第五百章 真小人坦荡荡,伪君子长戚戚(1/4)
杭州,鄢府。“徐阶怕是属小强的吧?”
听过沈坤的报告和请罪,鄢懋卿并未责怪,而是笑着摇了摇头,但见沈坤一脸迷惑,于是又换了个说法,
“我的意思是说,想不到徐阶竟如此耐杀,我愿将其封作大明耐杀王。

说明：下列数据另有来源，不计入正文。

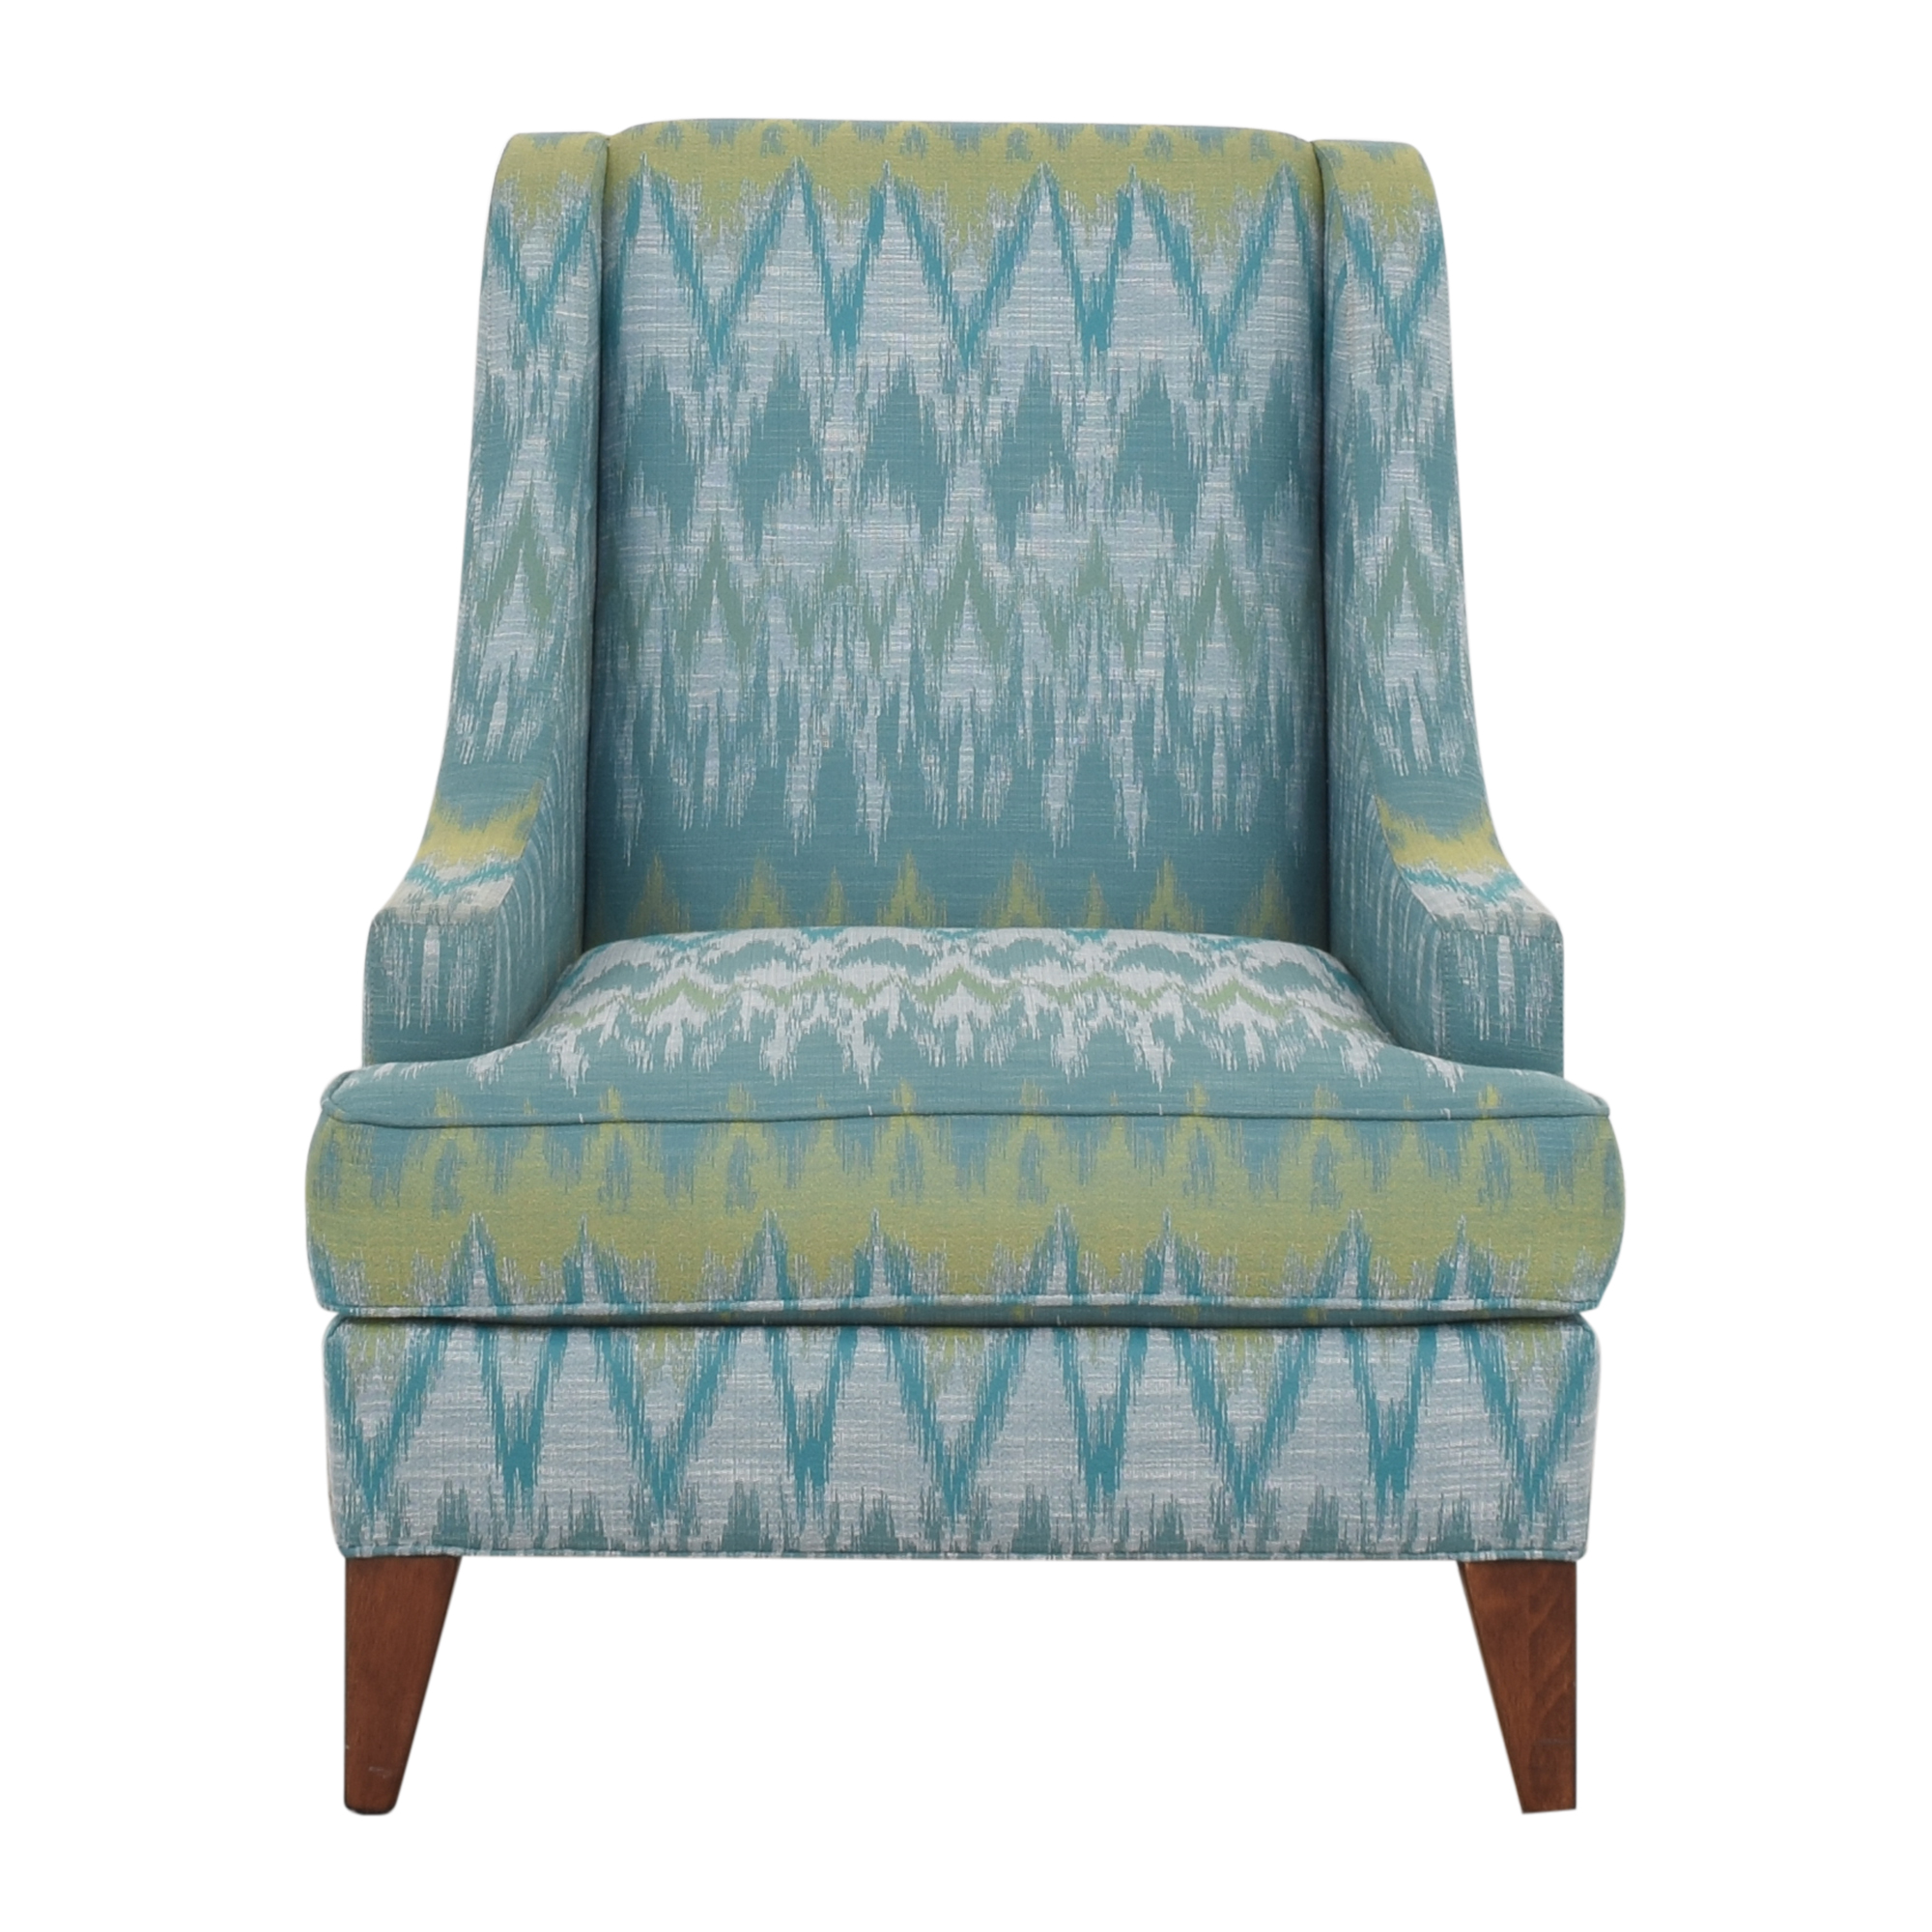 buy Ethan Allen Emerson Chair Ethan Allen

”
“这………………”
这回沈坤倒是听懂了,并且心中深表认同。
这次虽是鄢懋卿第一次对徐阶直接使用物理手段,但其实早就不是第一次祸害此人,而且此前的每一次都凶险至极。
比如最开始在那场惊天骗局中,拉徐阶的岳父沈锡入伙,还用一部新版的《鄢党点将录》离间徐阶与东南势力,从而牵出了“毁堤淹田”和“欺民虐民”的指控。
用鄢懋卿的说法,这对徐阶来说已是九死一生的危机。
而那时徐阶唯一的生机,便是捏着鼻子受了两边的窝囊气,甘愿放弃权力、功名与部分家产,或许还有机会与徐沈两家全身而退。

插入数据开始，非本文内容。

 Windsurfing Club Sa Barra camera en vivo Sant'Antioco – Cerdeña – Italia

结果就连鄢懋卿也没想到,徐阶居然开创性的提出了一个“摊丁入地,地丁合一”的国策,并以此轻而易举的打动了皇上,彻底扭转了两头堵之绝境,从一个本该至少罢官贬职的犯员,摇身一变成了掌握浙江生杀大权的特使。
对于徐阶的这番神奇操作,鄢懋卿都给了他“堪称教科书”的高度评价。
哪知徐阶根本没打算做什么革新之臣,他奉旨南下之后,竟又耍了心眼。
他不立刻前往浙江办事,却在松江府蛊惑了沈炼来做挡箭牌,以此来对浙江缙绅杀鸡儆猴,自己则躲在后面静待事态发展,创造左右逢源的机会。
好在鄢懋卿及时出手,他先是用一场绑架案强行将沈炼引回浙江,顺便将徐阶也牵到了浙江。
同时又用一个更具开创性的“奏销案”,一举让徐阶重新陷入了一根筋变两头堵的绝境,令其只能爬到阳光底下感叹“阳光好刺眼”。
用鄢懋卿的说法,这对徐阶来说已是十死无生的危机。
结果鄢懋卿却还是没有想到,徐阶不久之后就又带上了一口棺材四处作秀,用悍不畏死的“忠臣”形象来道德绑架皇上。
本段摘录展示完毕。